3. Apples in sunny locations have a different colour to those in the shade. For example - Allen's Everlasting in a shady year (or overgrown orchard) is a pale green russet. In the sunshine it still has a russety skin but is red. Even ordinary Bramleys can be brightly coloured in some years. And different trees grown from the same named varieties often don't match. A friend has a "D'Arcy Spice" bought from a nursery which is smaller and harder than the one in the National Fruit Collection, for example.

4. The apple may be from a tree which has been abandoned for many years. It may be suffering from nitrogen deficiency, and be brighter coloured as a result. It may be smaller, or harder, or later ripening, or a slightly different shape for a host of other reasons.

In addition to this, a nursery sometimes puts the wrong label on a tree, or substitutes a similar variety without telling the customer. The owner of the tree believes it to be variety X, but it's not, and the wrong name gets passed on, through the generations.

At apple identification events, the "expert"will be often looking for a "closest match" with the apple supplied, probably with the help of books and his own growing experience.

The locality and the trees available at the time from nurseries in the area can also provide a clue.
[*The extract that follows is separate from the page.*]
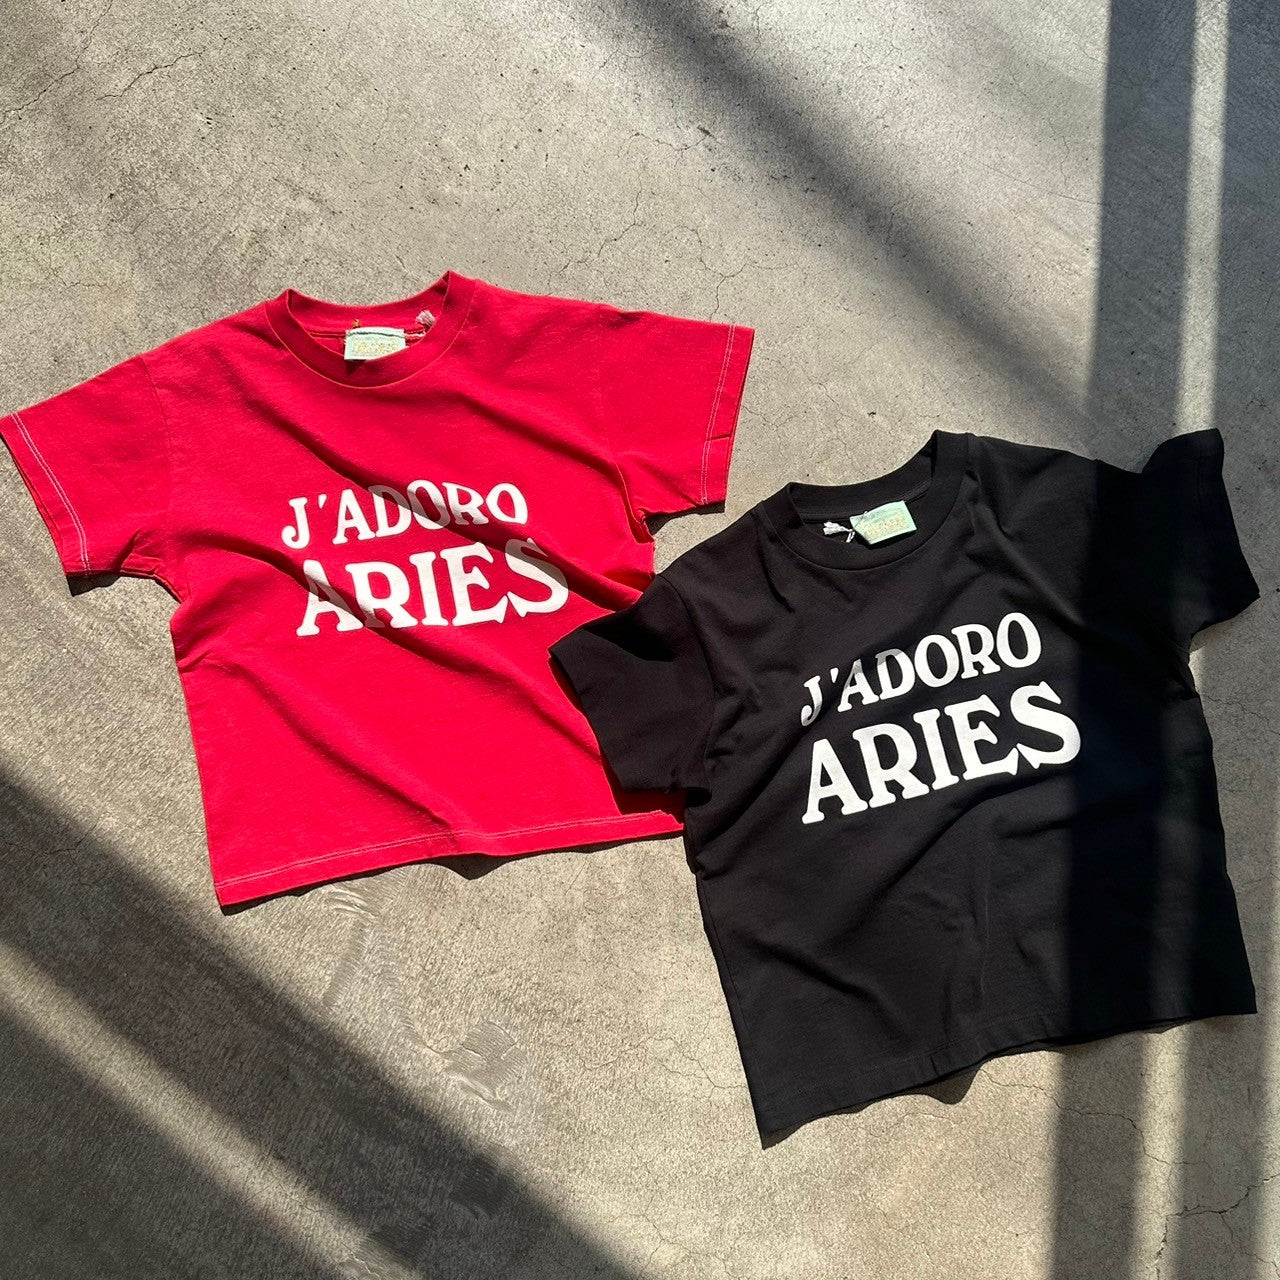 Aries (アリーズ) の商品一覧 | スニーカー・ファッションのForget-me-nots
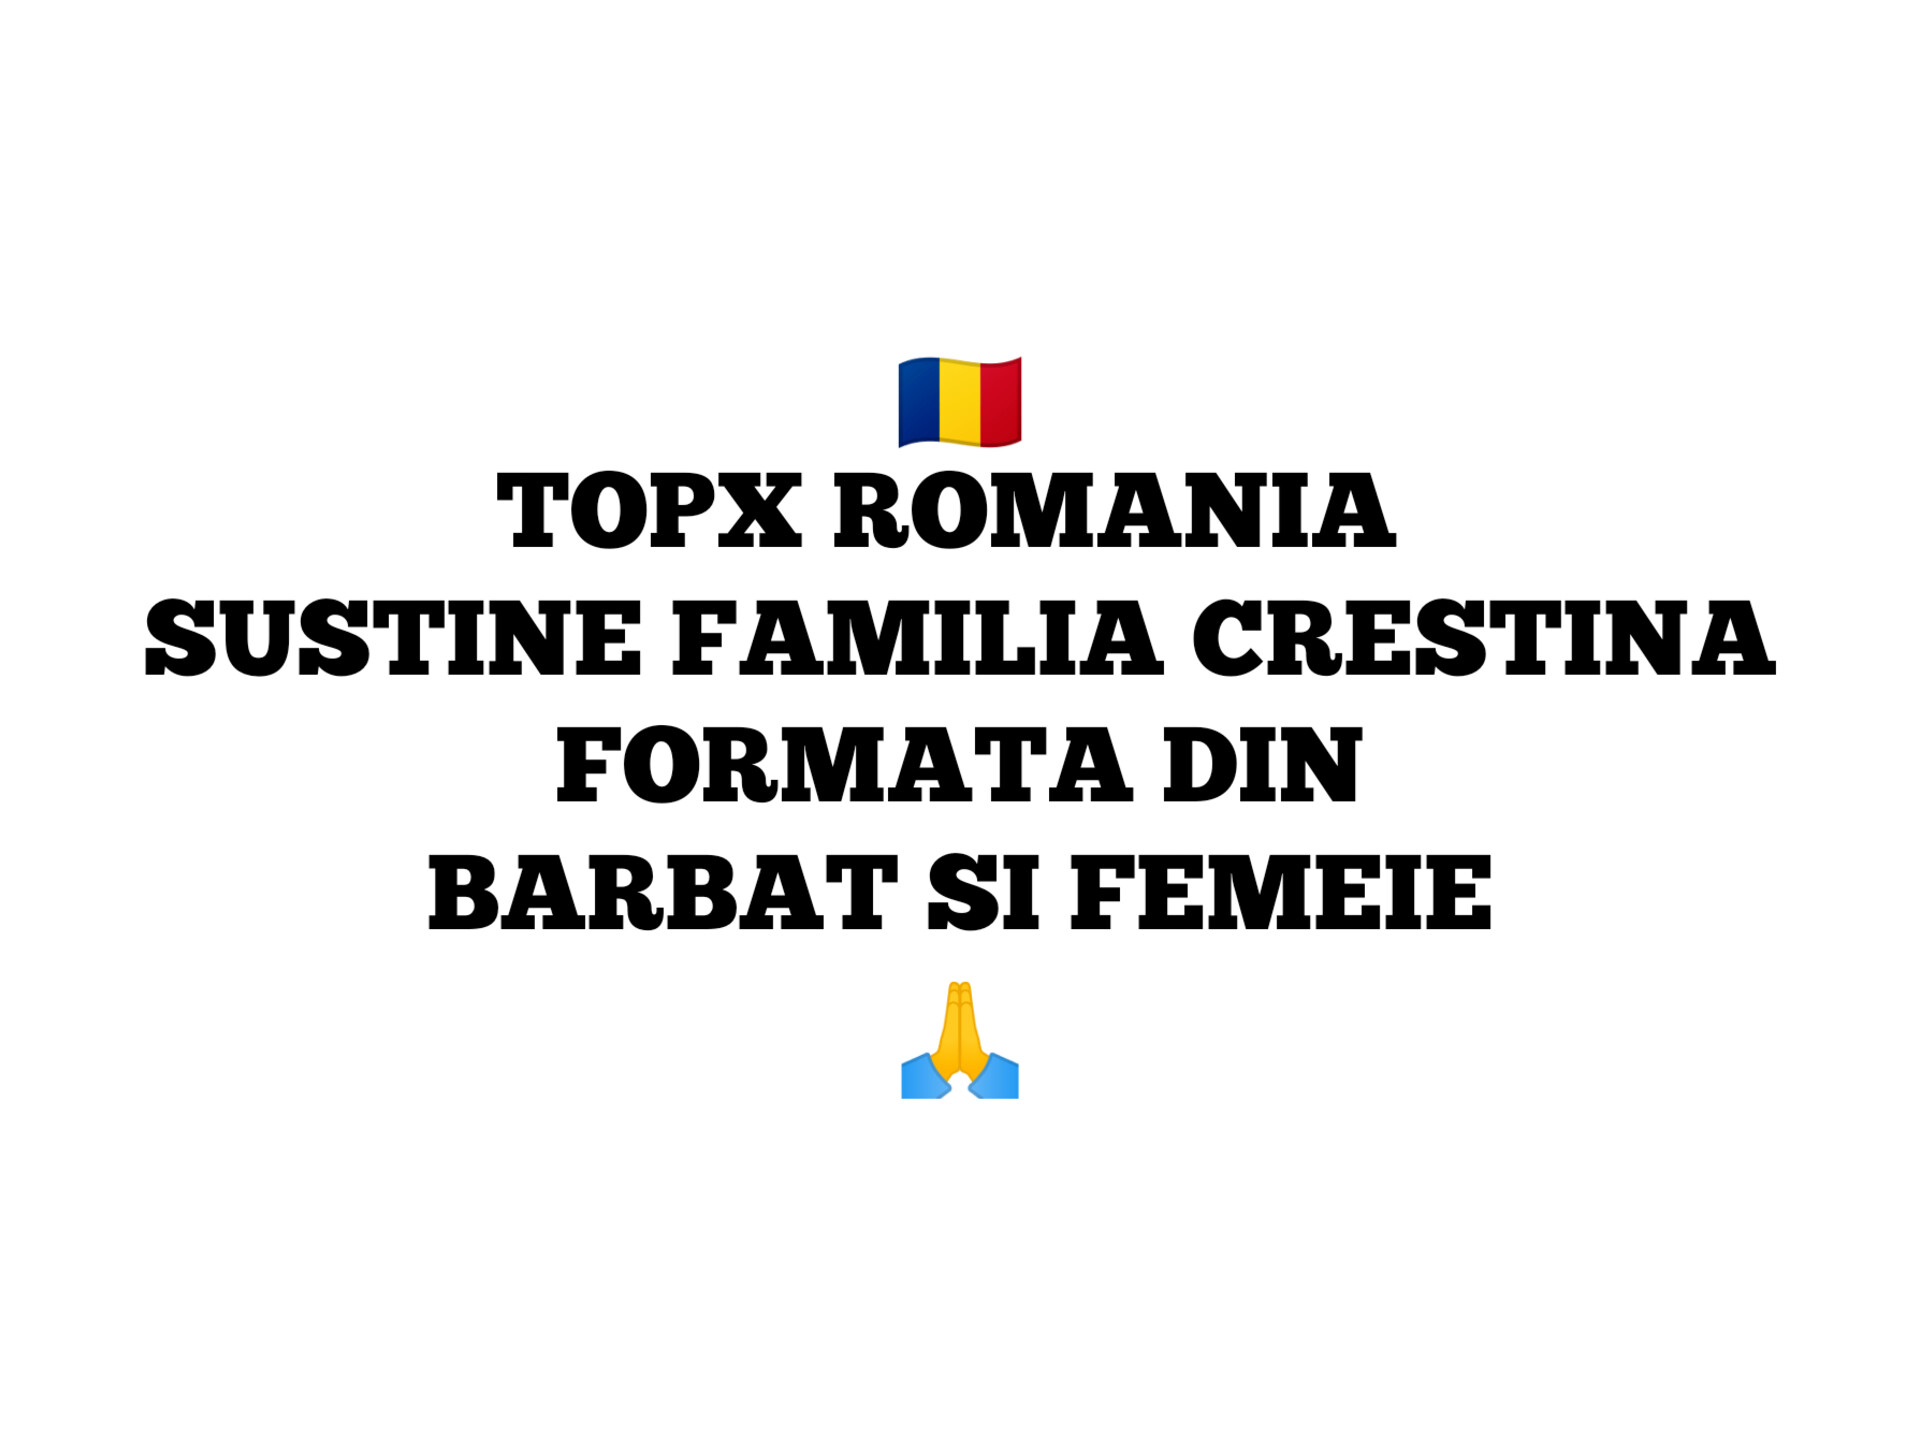 TOPX ROMANIA SUSTINE FAMILIA CRESTINA FORMATA DIN BARBAT SI FEMEIE

As well as supplying several apples of the unknown variety, it helps if you can say something about the age of the tree, its growth habit, and where it's growing. Is it in an orchard, perhaps - or is it in a hedge in the middle of nowhere? Was it planted on an old parish boundary? Or is it more likely to be a chance seedling? There are lots of these in the hedgerows along old transport routes like the Fosse Way or the Watling Street.

There are computer programs being developed which can assist in the identifaction of apples by looking at easily observable characteristics and then discarding varieties which don't fit. These can work quite well, and save a lot of time, but like all tools, they should be used with discretion. I tried using one recently. I was careful and thorough, but before I got used to it, it identified a Midlands apple as "Stark's Late Delicious" - which comes from the USA. Was this really likely to be the apple I found in an abandoned Leicestershire allotment?

Here it is: probably Crawley Beauty:



Here are some other puzzles:

What variety is this?



Answer further down the page.



















- It's not a recognised variety but a seedling I found near Witney, Oxon.

Here's another: two of these are Ribstons (from the same tree); the other is an unknown. Which?























Answer- the odd one out is on the LEFT.

Here they are again, in the same order but turned over. The left-hand apple looks less Ribston-like, but what is it?



If you are into identifying apples, do not be afraid of saying you don't know. There are probably 20,000 varieties of apple in England, many of them grown from pips. Anything from a pip is a mongrel - it cannot be identified.